Regard

Architecture et nature

Duncan Lewis, architecte

La nature a toujours réussi à s’infiltrer dans l’architecture. Il s’agit d’un va-et-vient entre le vrai et le faux, l’opaque et le lisible, le caché et l’évident.

La nature n’est pas un alibi idéologique ou esthétique qui habille l’architecture. La modernité a coupé l’homme de son environnement. Il faut recréer les liens entre l’homme et son environnement, où le temps n’est jamais figé, où l’on fait place à ses rêves.

La relation entre l’architecture et la ville fera place à une nouvelle relation entre l’architecture et la nature. L’urbanisation excessive de la majeure partie du territoire est devenue une question vitale et l’enjeu est important.

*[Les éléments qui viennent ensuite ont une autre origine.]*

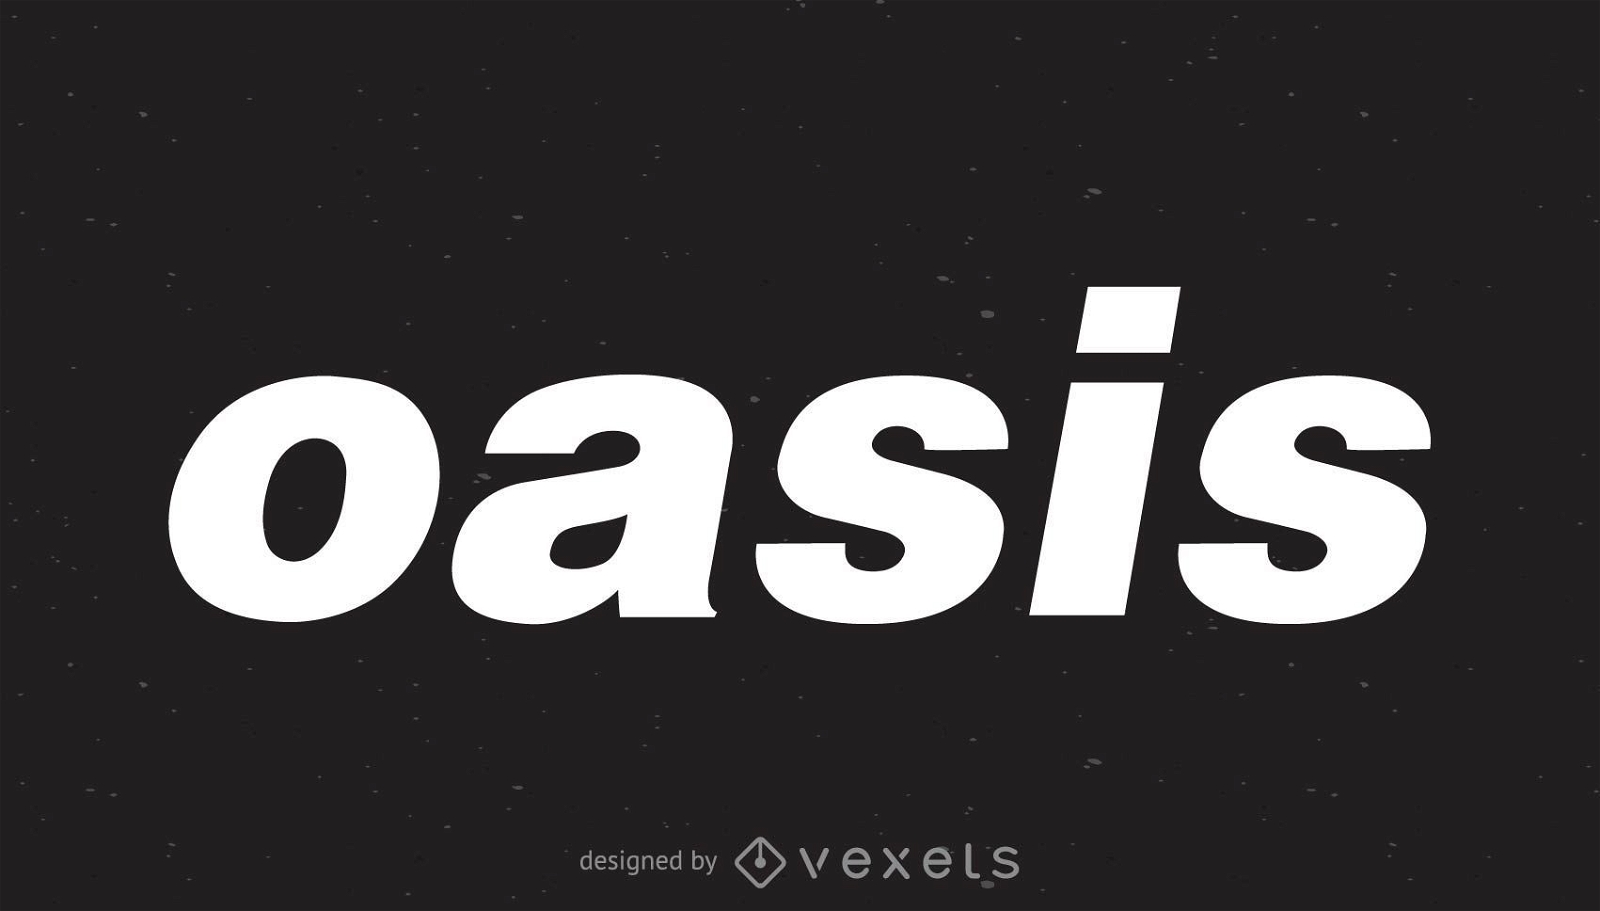 Oasis band logo

Il faut donner sa chance à une nouvelle culture urbaine dans laquelle une nouvelle nature et une nouvelle densité humaine sont développées conjointement afin qu’elles répondent aux besoins et aux valeurs réelles des hommes.

En travaillant dans ce cadre, l’architecture pourrait minimiser sa présence imposante et enfin penser à sa nouvelle relation et à son rapprochement avec son environnement.
Le projet d’EKKO est construit sur une ancienne friche industrielle de la rive droite de Bordeaux autour de la question du changement climatique et pour penser la ville autrement comme un nouveau paysage habité.

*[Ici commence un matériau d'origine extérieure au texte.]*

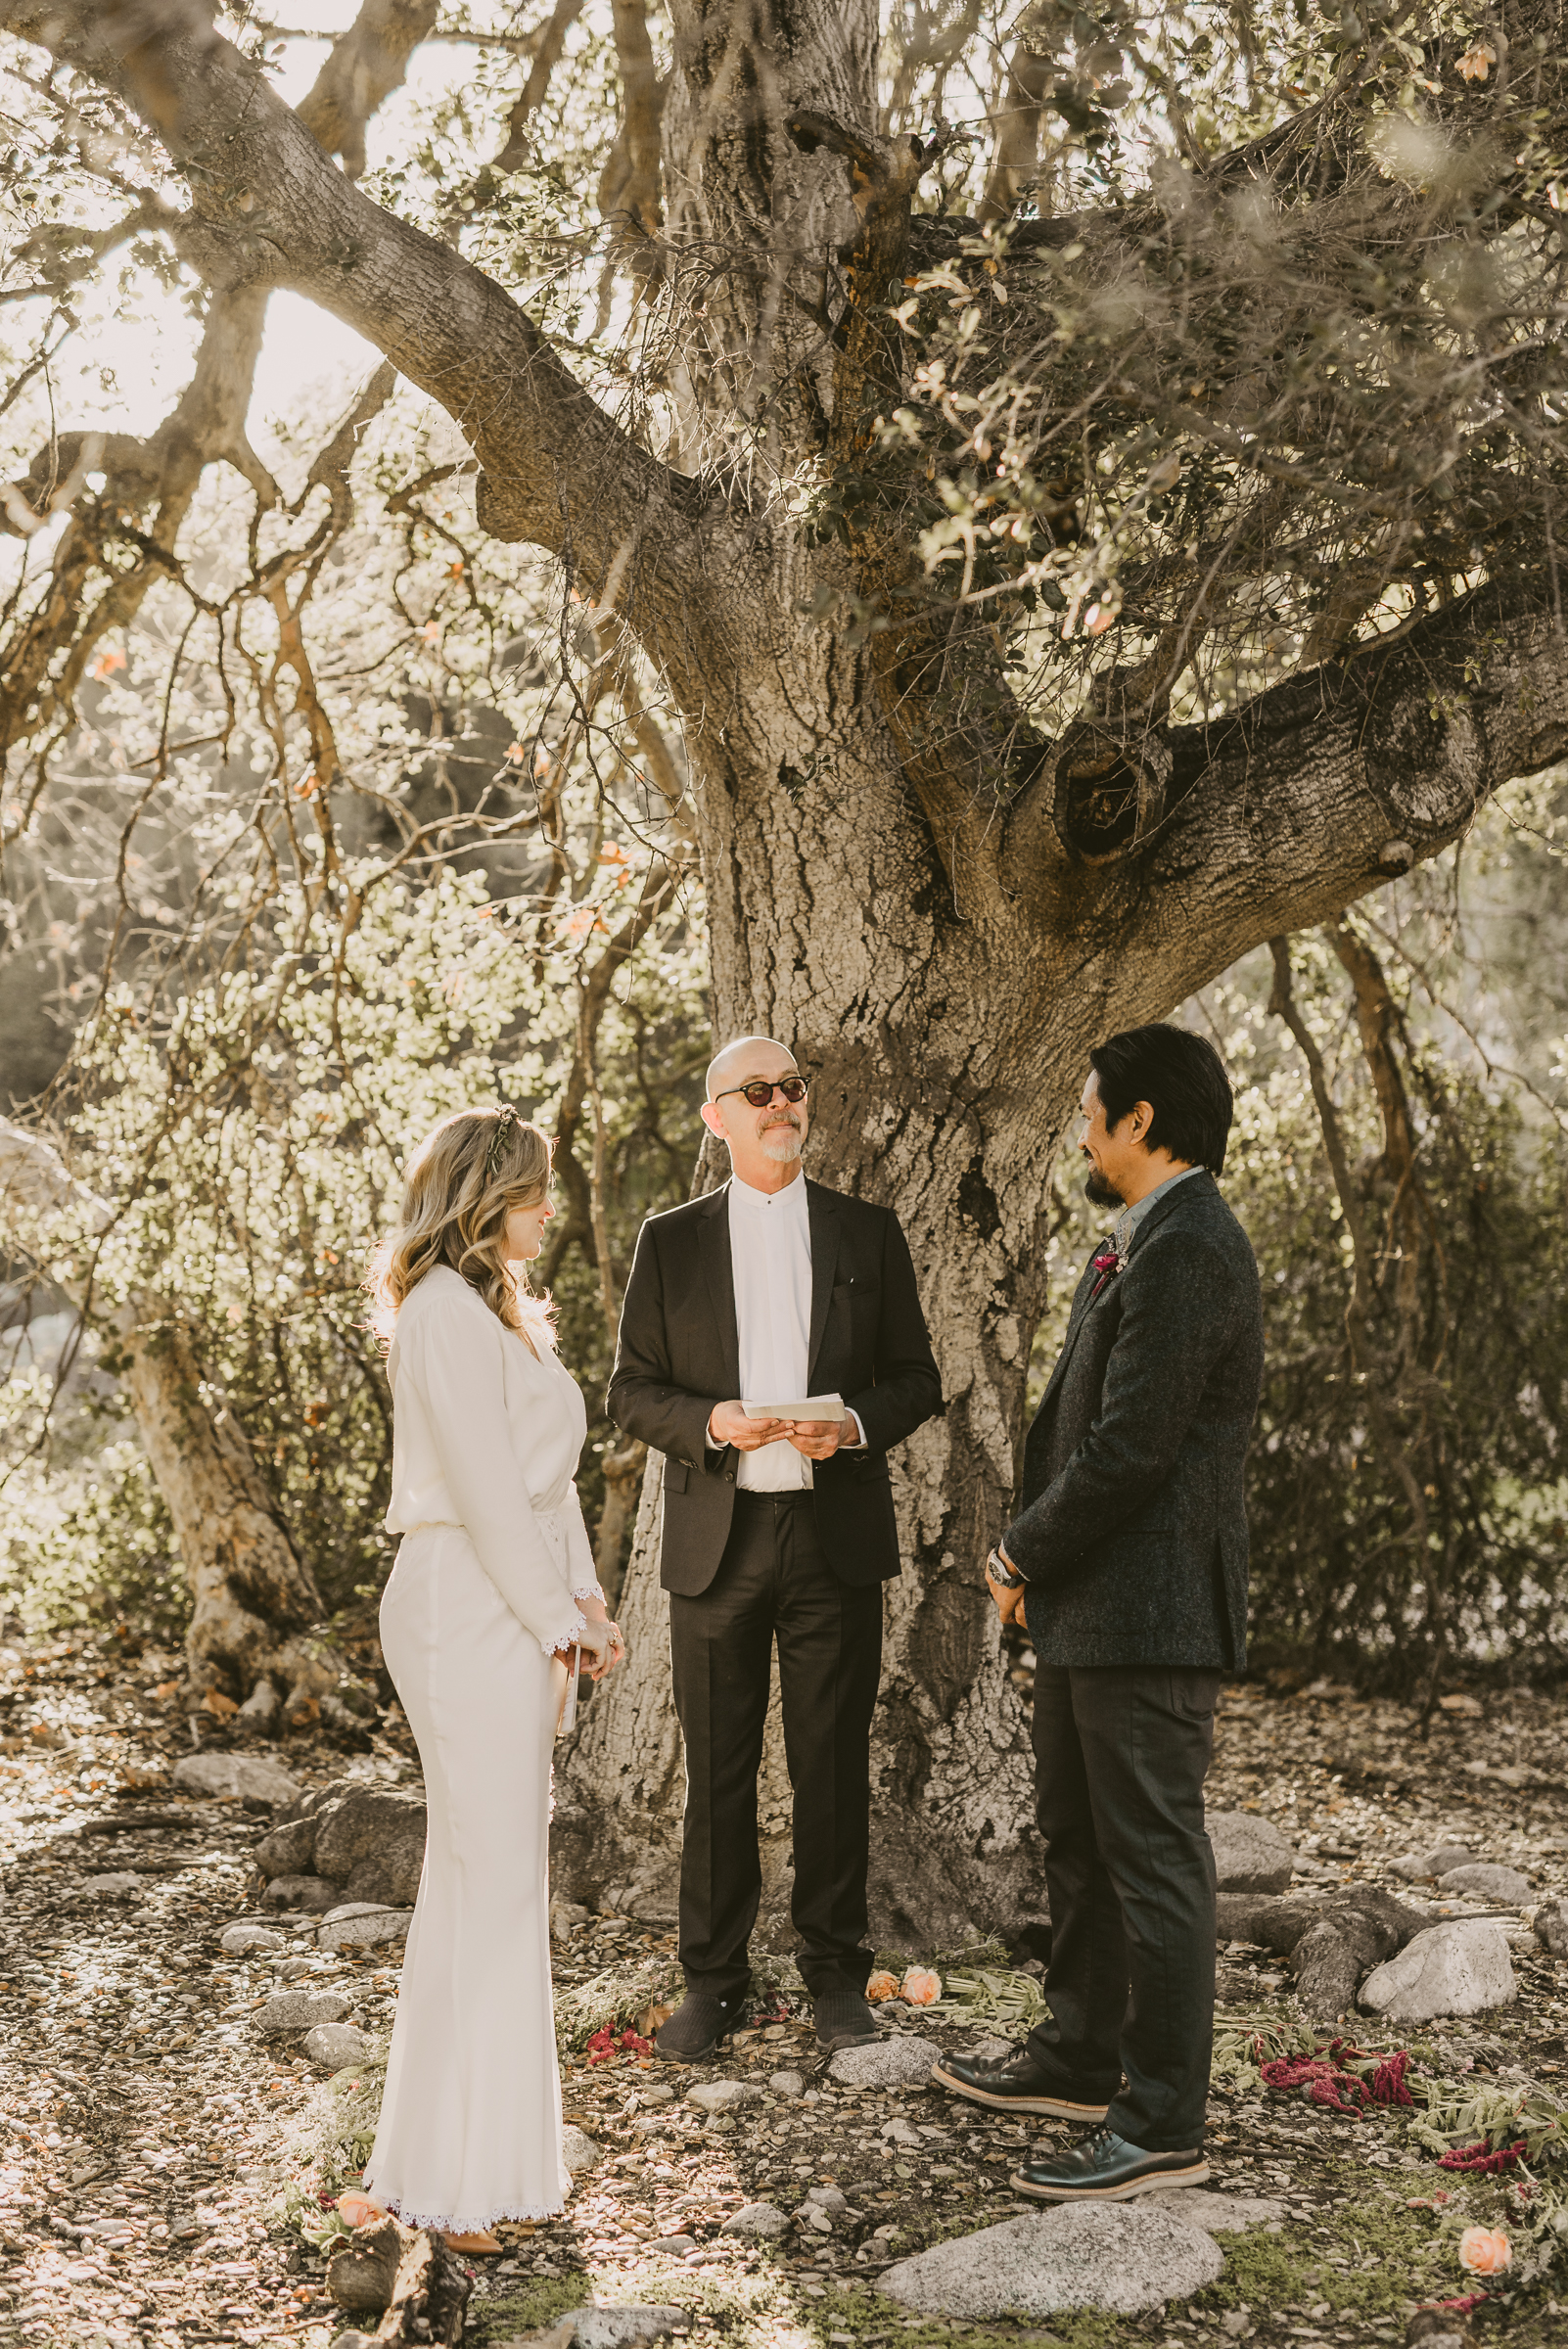 ©Isaiah + Taylor Photography - Intimate Elopement, Eaton Canyon, Los Angeles Wedding Photographer-36.jpg

Sur une parcelle de 1 800 m2, il propose cinquante logements dans un volume construit de 15 000 m3 et il produit un espace extérieur partagé en trois dimensions de 6 635 m3.
L’ensemble de cet espace est une grande pièce collective plantée sur chacun de ses cinq niveaux d’arbres flottants. Elle appartient à tous et chacun  ; des habitants en gèrent une partie comme espace de travail, de restauration ou de détente.

Elle résout la question de la densité dans la ville et temporise aussi le climat, la lumière, le vent, le soleil, la fraîcheur de l’air, pour que l’on y vive bien. Il existe des similitudes avec la serre froide d’Estufa Fia à Lisbonne, au Portugal.

Plus qu’un jardin d’hiver, c’est un lieu de vie qui s’adapte aux différentes périodes de l’année et induit ses qualités aux espaces intérieurs des logements, dans une idée de compagnonnage avec la nature qui dépasse largement la stricte question du paysage ou l’idéologie du patrimoine, une idée sensuelle qui ajoute aux exigences du visible la joie du tactile, voire le plaisir des odeurs.

Nous construisons avec la nature pour reconnecter l’homme avec son environnement.